Recipes¶

These examples combine a few csvsmith tools into practical workflows. For individual command options, follow the linked tool pages.

Convert and deduplicate a worksheet¶

Convert one Excel worksheet, inspect duplicate groups, and then write a clean CSV:

csvsmith excel-to-csv source.xlsx -o source.csv --sheet-name "Data"
csvsmith row-duplicates source.csv --subset customer_id,date
csvsmith dedupe source.csv -o clean.csv \
    --subset customer_id,date --report duplicates.json

See Excel to CSV and Deduplication.

Clean a CSV column with the Python API¶

The numeric CLI commands process individual values. For a whole column, use the Python API:

from csvsmith import read_csv_rows, write_csv_rows
from csvsmith.utils.clean_numeric import clean_currency_numeric

rows = read_csv_rows("source.csv")
for row in rows:
    row["amount"] = clean_currency_numeric(row["amount"], relaxed=True)

fieldnames = list(rows[0]) if rows else []
write_csv_rows("clean.csv", rows, fieldnames=fieldnames)

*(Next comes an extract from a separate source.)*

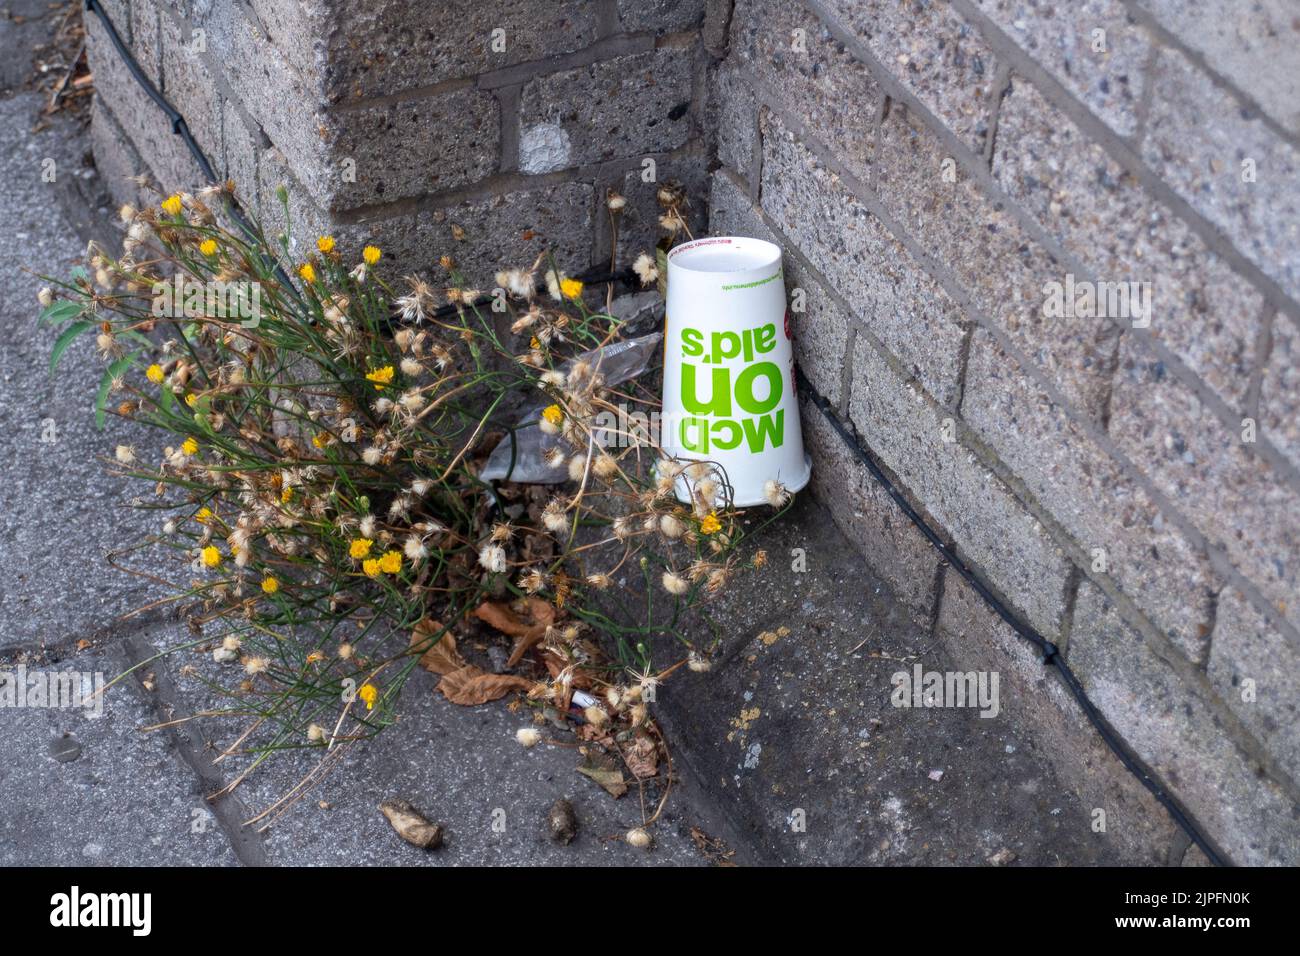 Slough, Berkshire, UK. 17th August, 2022. McDonald's litter discarded by customers is a common sight in Slough. Credit: Maureen McLean/Alamy Stock Photo

relaxed=True preserves values that cannot be parsed. See Clean Numeric and Currency and Python API.

Combine matching exports¶

When several exports have identical headers, concatenate them while retaining their source filenames:

csvsmith strict-concat daily_exports/ -o combined.csv
csvsmith dedupe combined.csv -o combined-clean.csv --exclude file_stem

See Strict Concat and Deduplication.

Preview before organizing files¶

Inspect automatic classification before moving CSV files:

csvsmith classify incoming/ organized/ --auto --dry-run
csvsmith classify incoming/ organized/ --auto

For simple suffix-based moves:

csvsmith move-files incoming/ processed/ --suffixes csv,pdf

The destination directories should already exist. See Classify and Move Files.